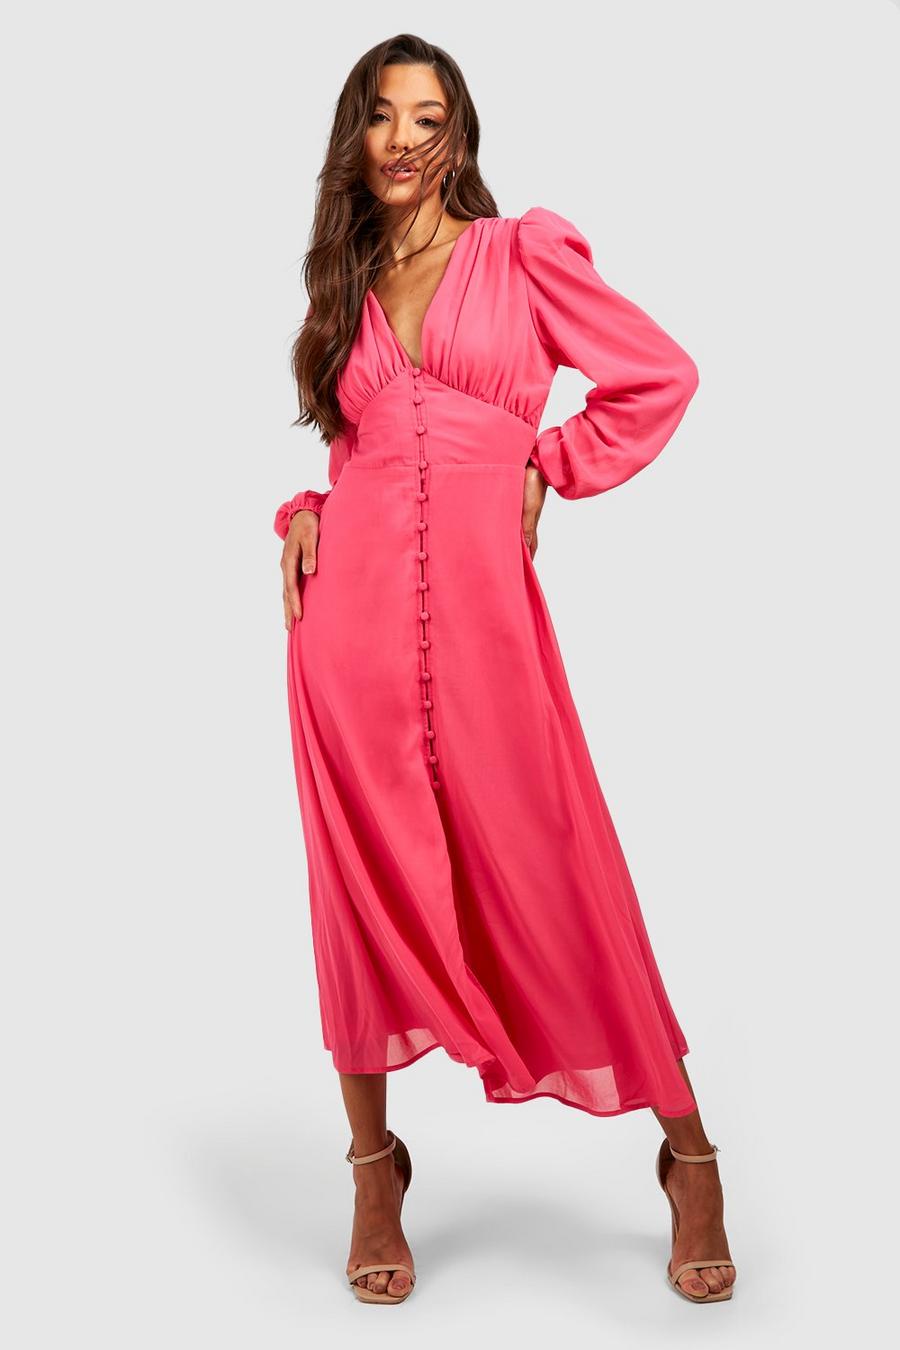 Pink Midiklänning med puffärm och knappar
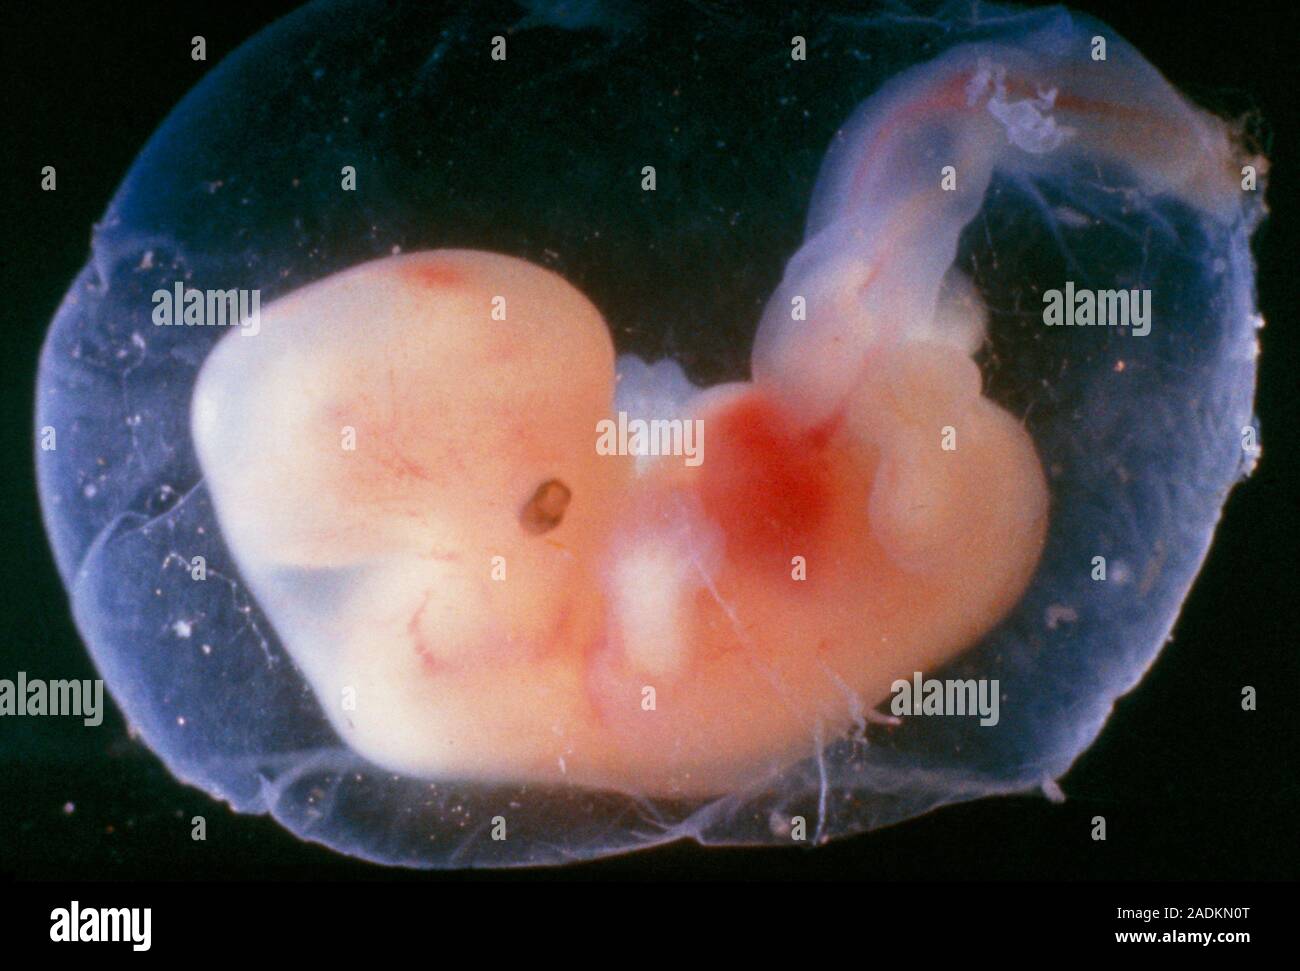 Через 6 8 недель. Зародыг человека на 5 недели беременности. Эмбрион человека 5 недель.
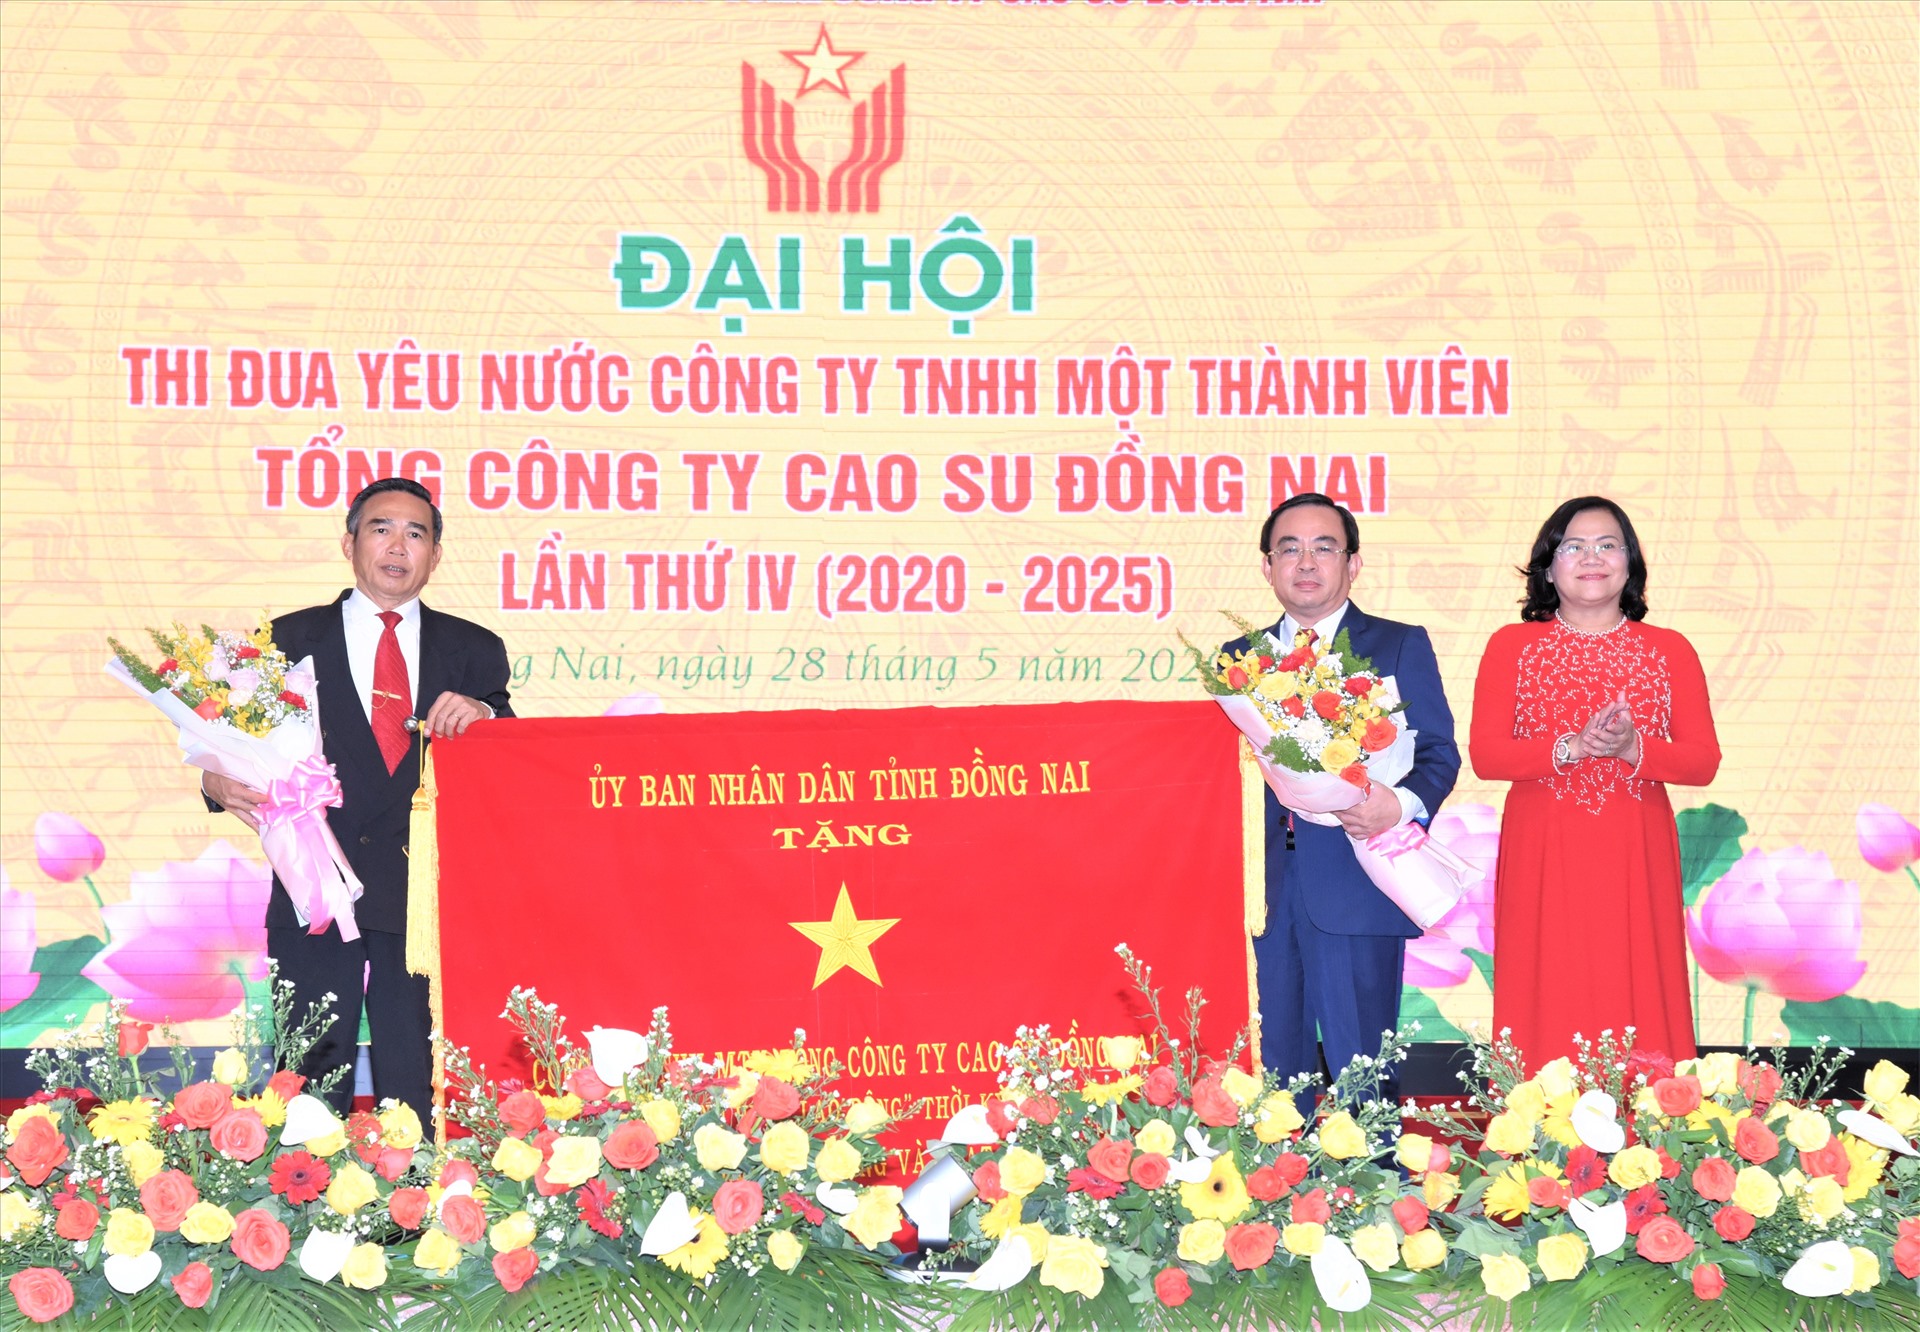 Bà Nguyễn Hòa Hiệp, Phó Chủ tịch UBND tỉnh Đồng Nai, tặng bức trướng cho Nan lãnh đạo Tổng Công ty Caosu Đồng Nai. Ảnh Nam Dương
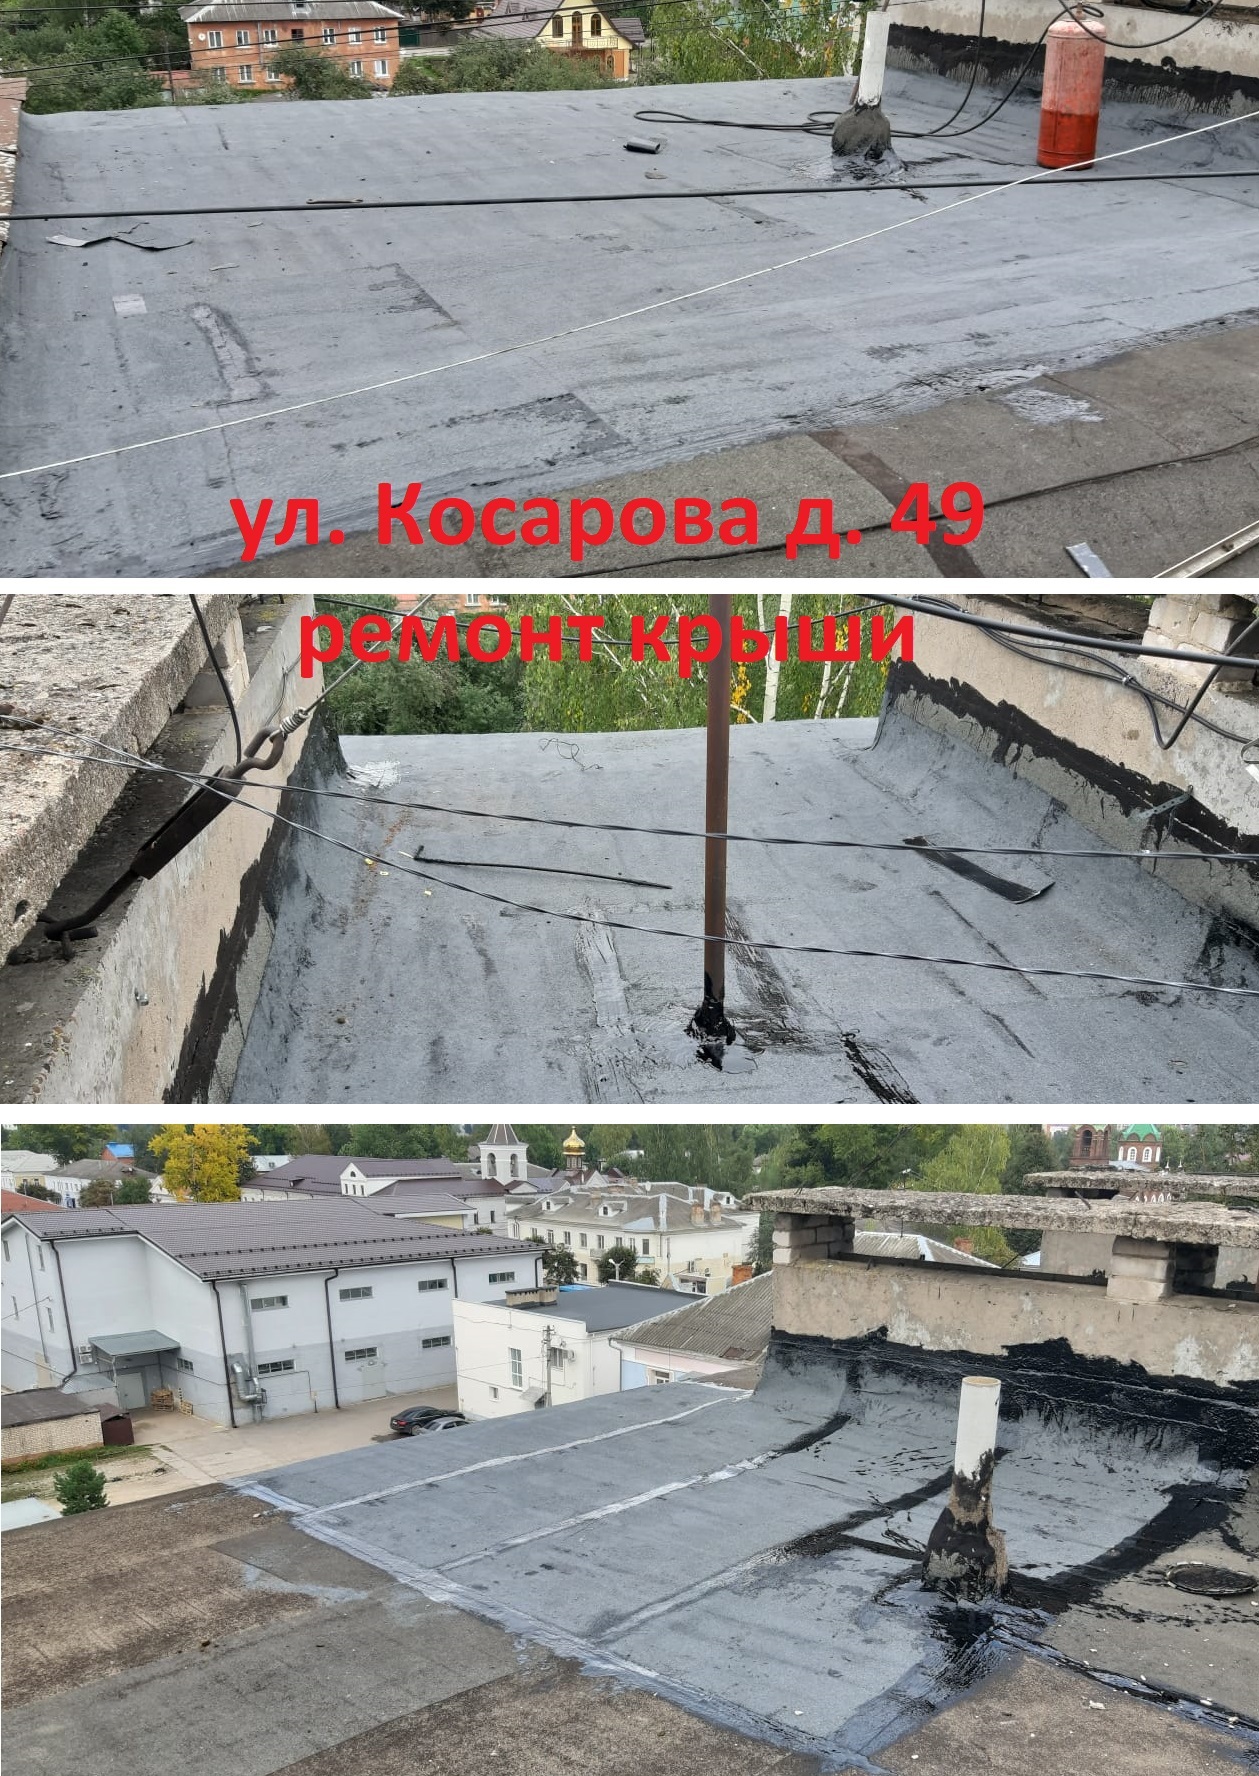 Косарова 49 крыша2.jpg

+ + + + +

EXERCISE GOAL | Retype the full listing exactly; pictures stay out.

RESULT BELOW |
 Pink Midiklänning med puffärm och knappar
 Через 6 8 недель. Зародыг человека на 5 недели беременности. Эмбрион человека 5 недель.
 Bà Nguyễn Hòa Hiệp, Phó Chủ tịch UBND tỉnh Đồng Nai, tặng bức trướng cho Nan lãnh đạo Tổng Công ty Caosu Đồng Nai. Ảnh Nam Dương
 Косарова 49 крыша2.jpg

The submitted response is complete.